The Pitfalls of the Death Penalty

Thanks to everyone who came out to hear attorneys Dawn Deaner, Justyna Scalpone, and Kelley Henry speak about the pitfalls of the death penalty in Tennessee!  Here’s a brief summary of the event.  Read more about the panel in The Tennessean.

Photos by Rohan Quinby

Davidson County Public Defender Dawn Deaner explained that her office provides legal representation for defendants who cannot afford to hire their own attorneys.  But in the case of capital defendants, the resources for hiring mitigation specialists to examine whether it is appropriate to seek the death penalty in this particular case are not available until after the death penalty has been sought.  At that point, the trial becomes a “runaway train” and it is difficult to ensure that the defendant has a fair trial.  Not only are there fewer resources for poor people, but there are also racial biases in the system, and the jury selection process explicitly excludes anyone who is against the death penalty — so the odds are already against the defendant before the trial even begins.

Justyna Garbaczewska Scalpone, head of the Tennessee Office of the Post-Conviction Defender, explained what happens at the post-conviction level in capital cases.  The post-conviction office is meant to serve as a safety net to ensure that people are not falsely convicted or improperly sentenced.  After a sentence has been handed down, the post-conviction office reviews both the case and the trial process, checking for possible errors and constitutional violations such as ineffective assistance of counsel, jury misconduct, and Brady violations (in which prosecutors are found to have withheld evidence that could have benefited the defendant).  Scalpone reported that, in the past 3.5 years, 8 of the 10 death sentences reviewed by her office were overturned.  In 6 of these cases, the death sentence was reversed, and in the other 2 cases, a whole new trial was ordered.  She noted that more resources were needed at the trial court level to prevent factual and procedural errors, while still maintaining a robust safety net at the post-conviction level.

Finally, Federal Public Defender Kelley Henry spoke about her own work at the level of federal habeas review.  She recalled the feeling of elation when then-Governor Bredeson  commuted the death sentence of Gaile Owens to life imprisonment.   But not every client has been so fortunate.
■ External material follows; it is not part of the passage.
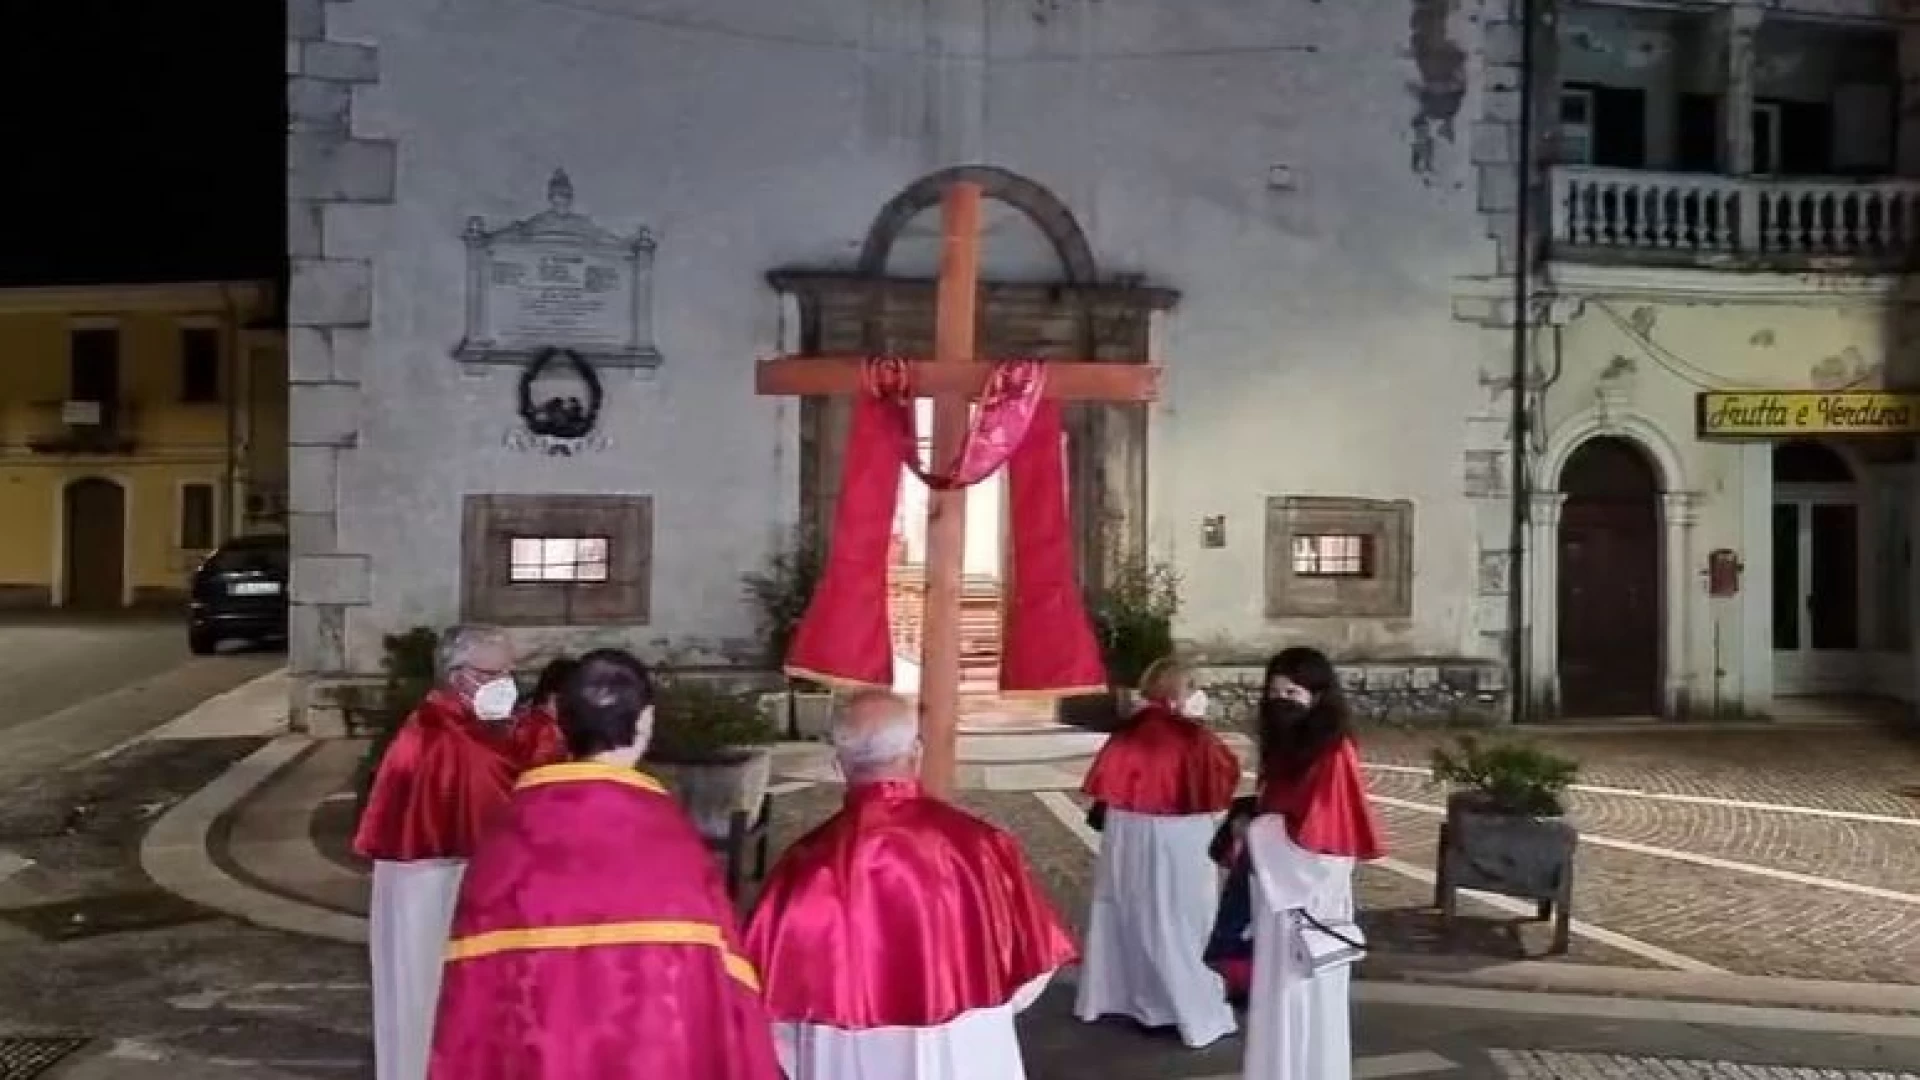 Colli a Volturno: un venerdì santo particolare. Via Crucis in paese con il parroco in solitaria e alcuni volontari. Immagini emozionanti. Guarda il video.

As an example, Henry recounted the case of Sedley Alley, in which prosecutors failed to disclose evidence that there was another suspect in the case, with material evidence suggesting that someone other than Alley committed the crime.  Alley’s attorney’s requested DNA evidence to rule out the possibility that Alley was falsely convicted.  But this request was denied.  There was also ample evidence that Alley had an intellectual disability, which would have disqualified him for execution.  But none of this prevented the state of Tennessee from executing Sedley Alley on June 28, 2006, for a crime he may not have committed.

At all three levels of the court system, underfunding for public defenders and a relative lack of accountability for prosecutors have resulted in wrongful convictions in the state of Tennessee.

Kelley Henry highlighted both the injustice of wrongful conviction and also the economic cost of using taxpayers’ money to incarcerate innocent people.  She noted that, across the US, 314 people have been exonerated through the work of The Innocence Project.  These people spent a total of 4202 days in jail, at a cost of about $30,000 per year.  In total, this amounts to $126 million of taxpayers’ money spent to incarcerate innocent people.

But dollar figures cannot begin to express the ethical harm of wrongful conviction – the loss of time, family connections, emotional well-being, and basic life chances that result from time spent behind bars on false charges.

The last word goes to Dawn Deaner, quoted by Brian Haas in his article for The Tennessean:

“Do we really want the death penalty?” Deaner asked. “Do we think that this is something that should be carried out on our behalf as citizens in this community, given the problems that exist?”